▶ WHAT THE TASK REQUIRES: Without including the pictures, copy out every line below.
[DATASET EXTRACT — start]
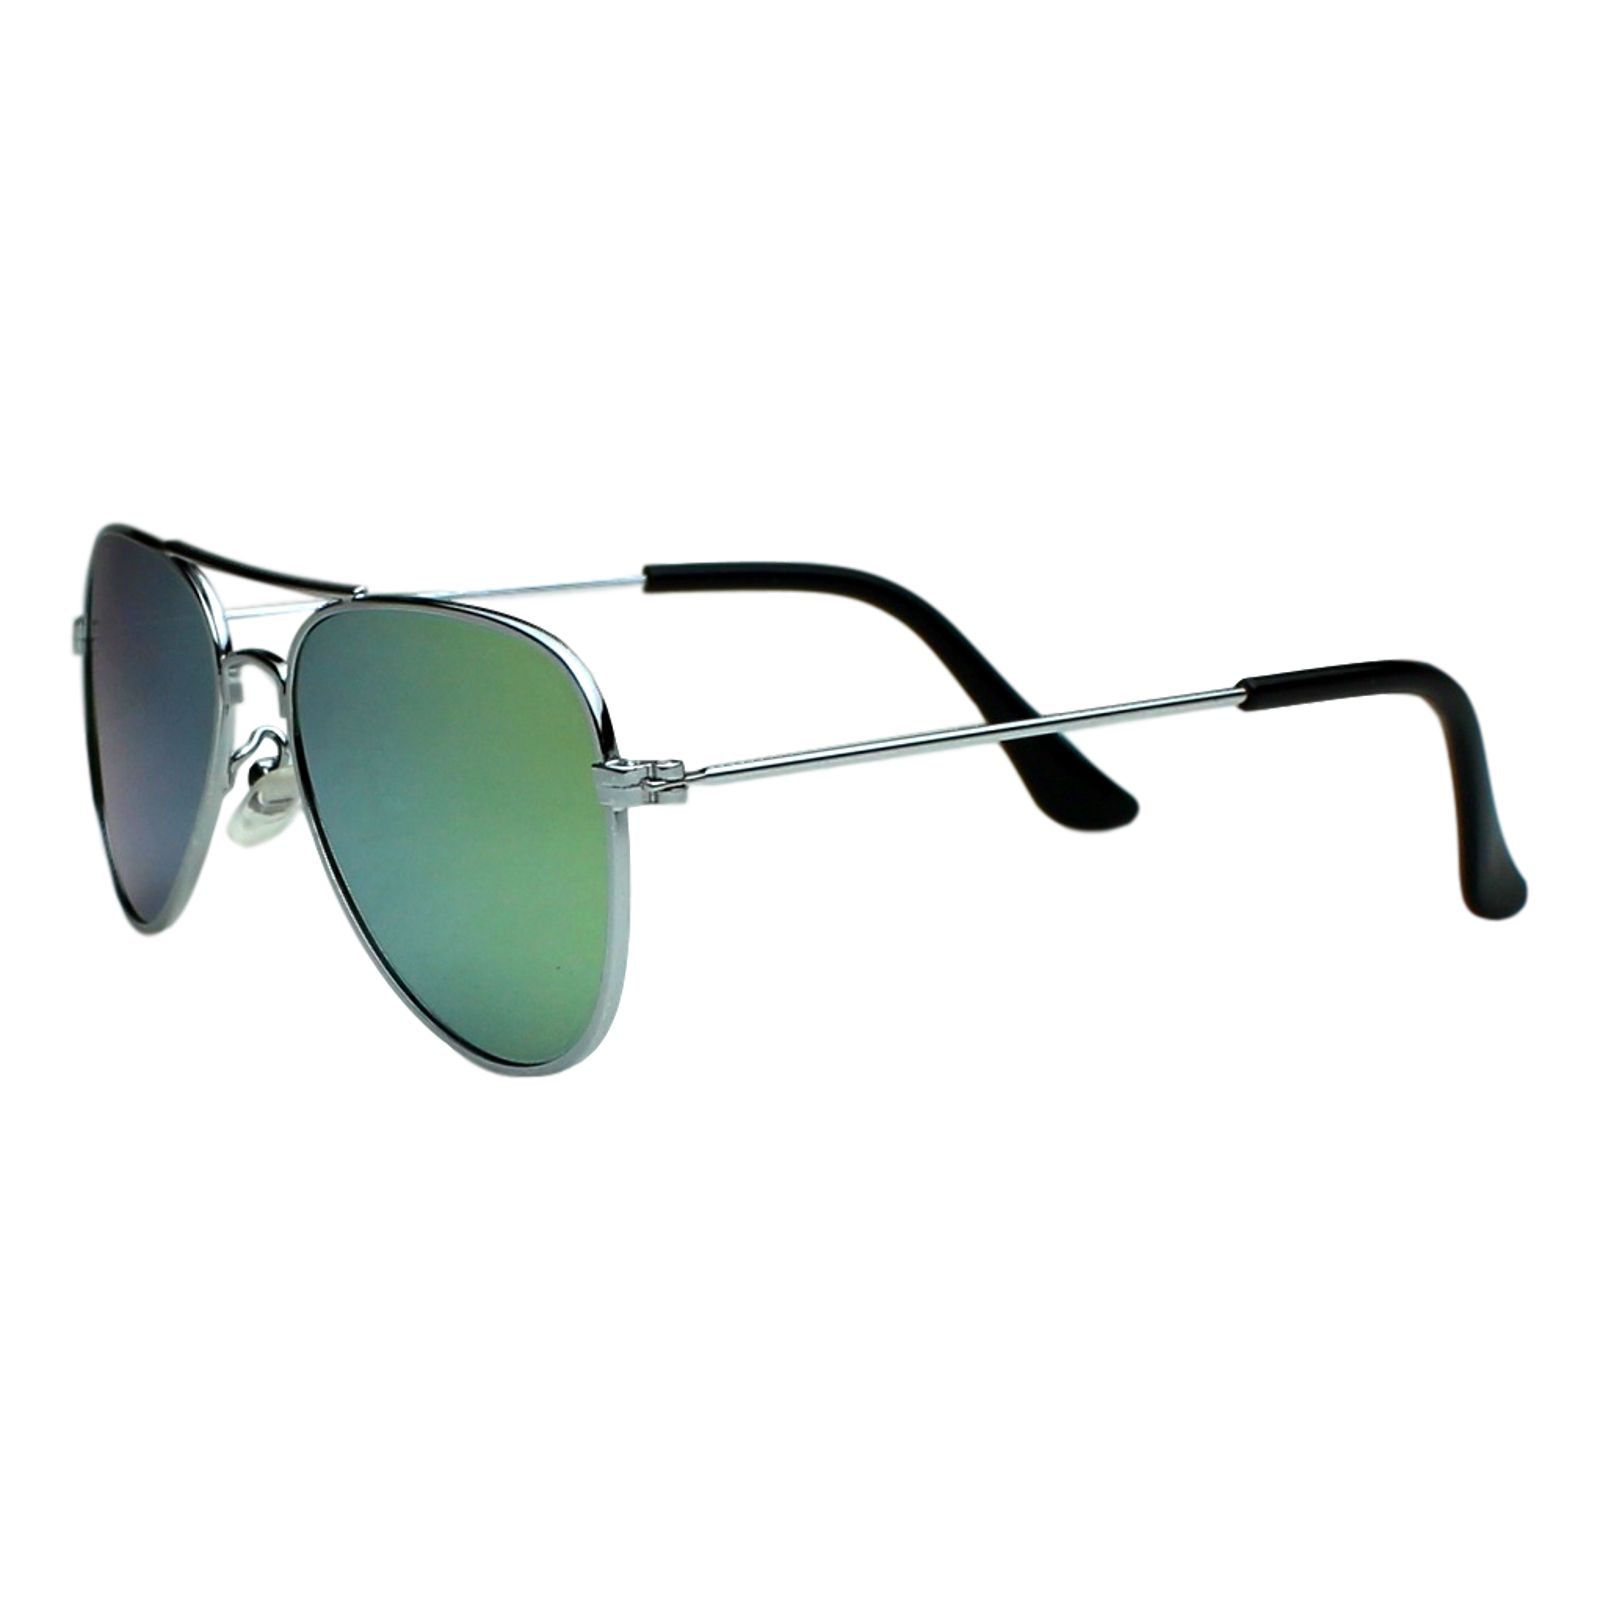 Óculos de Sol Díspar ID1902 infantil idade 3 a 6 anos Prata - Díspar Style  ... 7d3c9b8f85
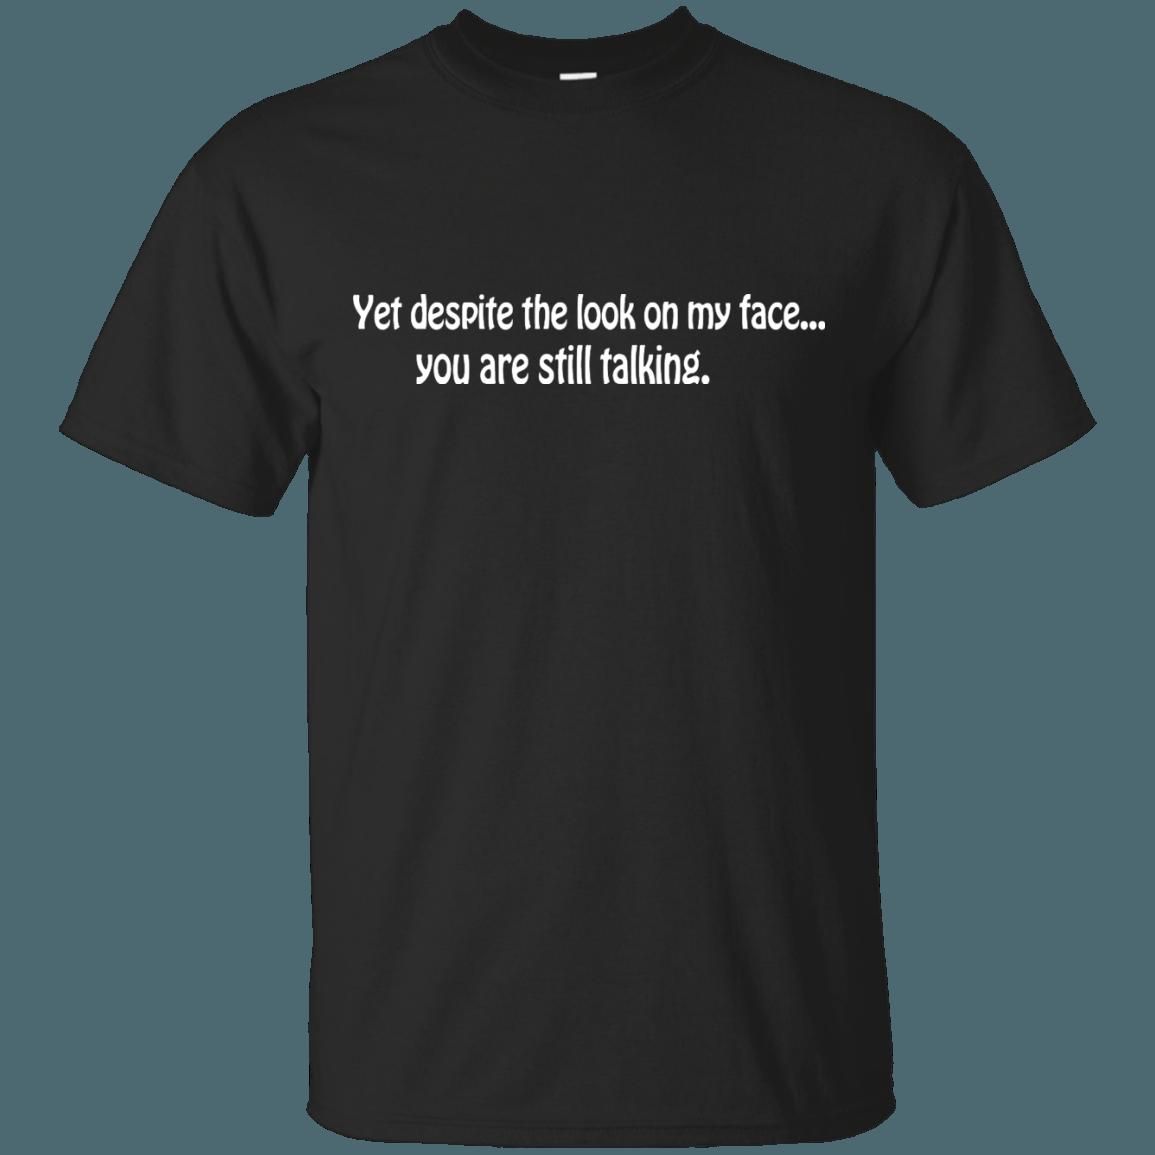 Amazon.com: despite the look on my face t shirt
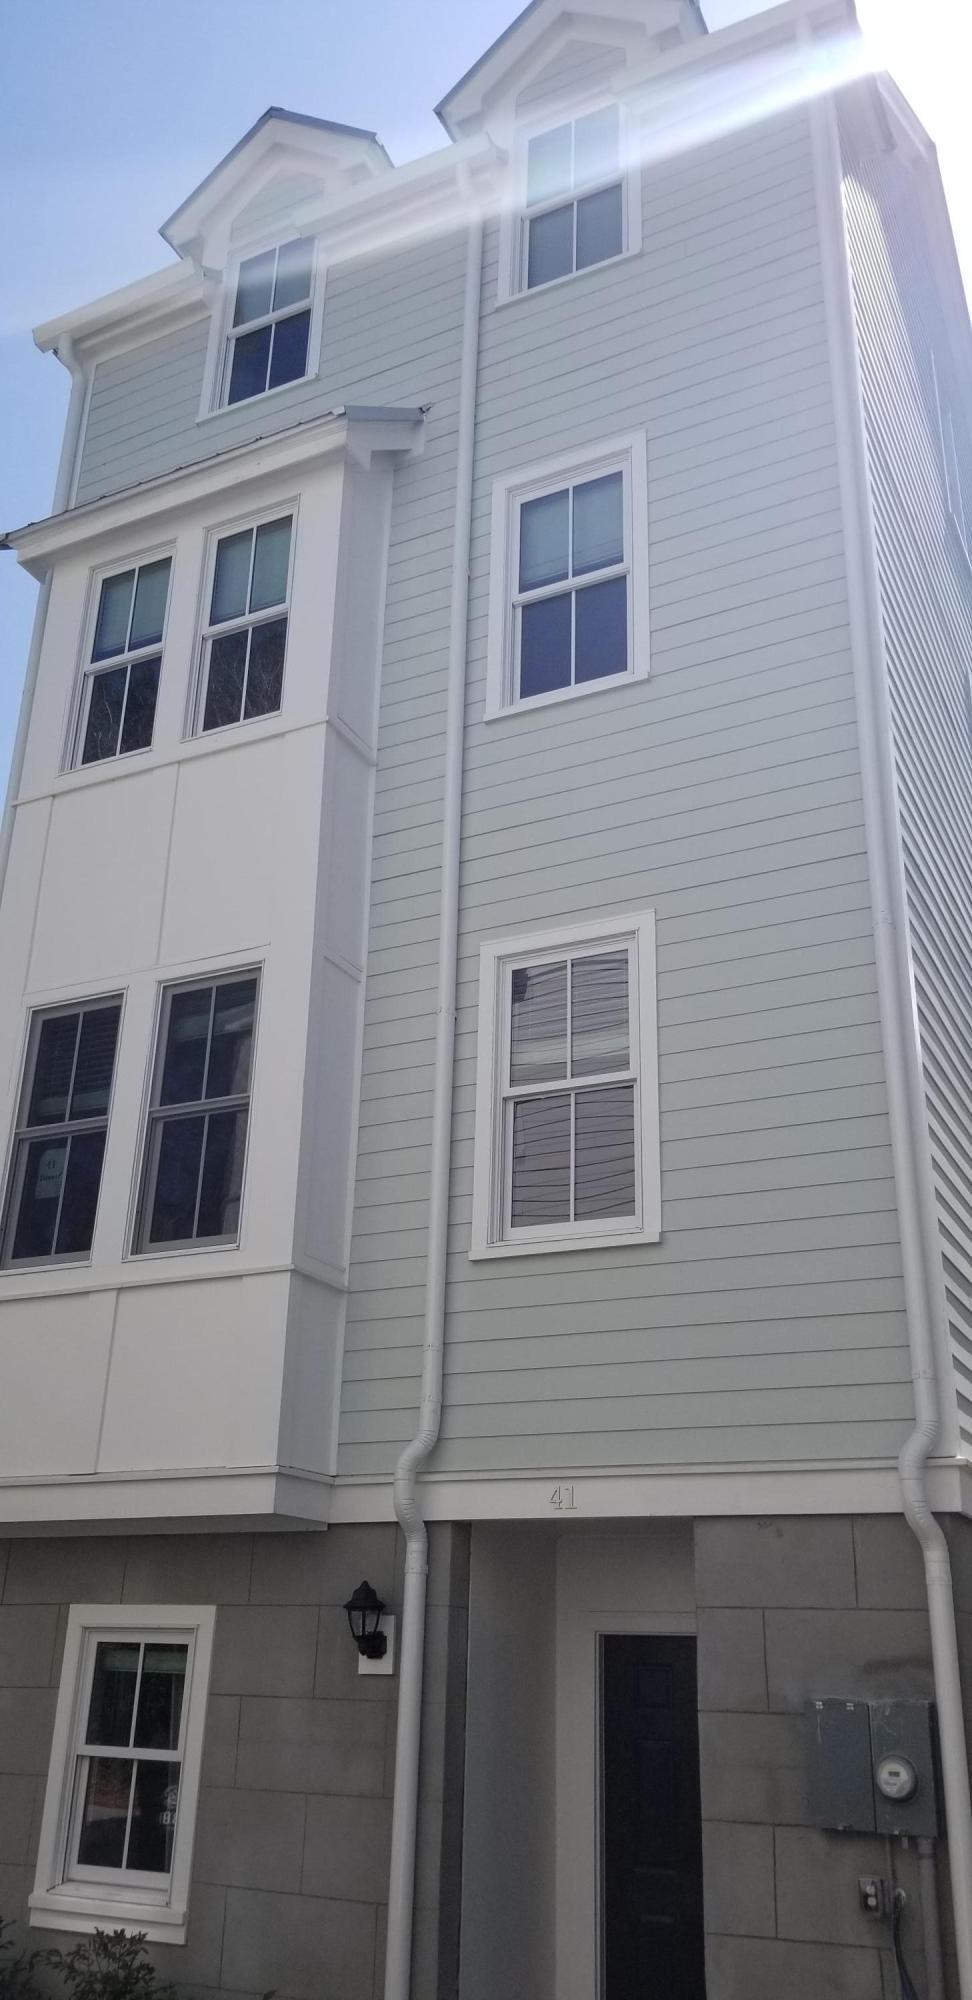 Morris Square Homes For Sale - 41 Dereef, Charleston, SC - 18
[DATASET EXTRACT — finish]
▶ REPLY:
 Óculos de Sol Díspar ID1902 infantil idade 3 a 6 anos Prata - Díspar Style  ... 7d3c9b8f85
 Amazon.com: despite the look on my face t shirt
 Morris Square Homes For Sale - 41 Dereef, Charleston, SC - 18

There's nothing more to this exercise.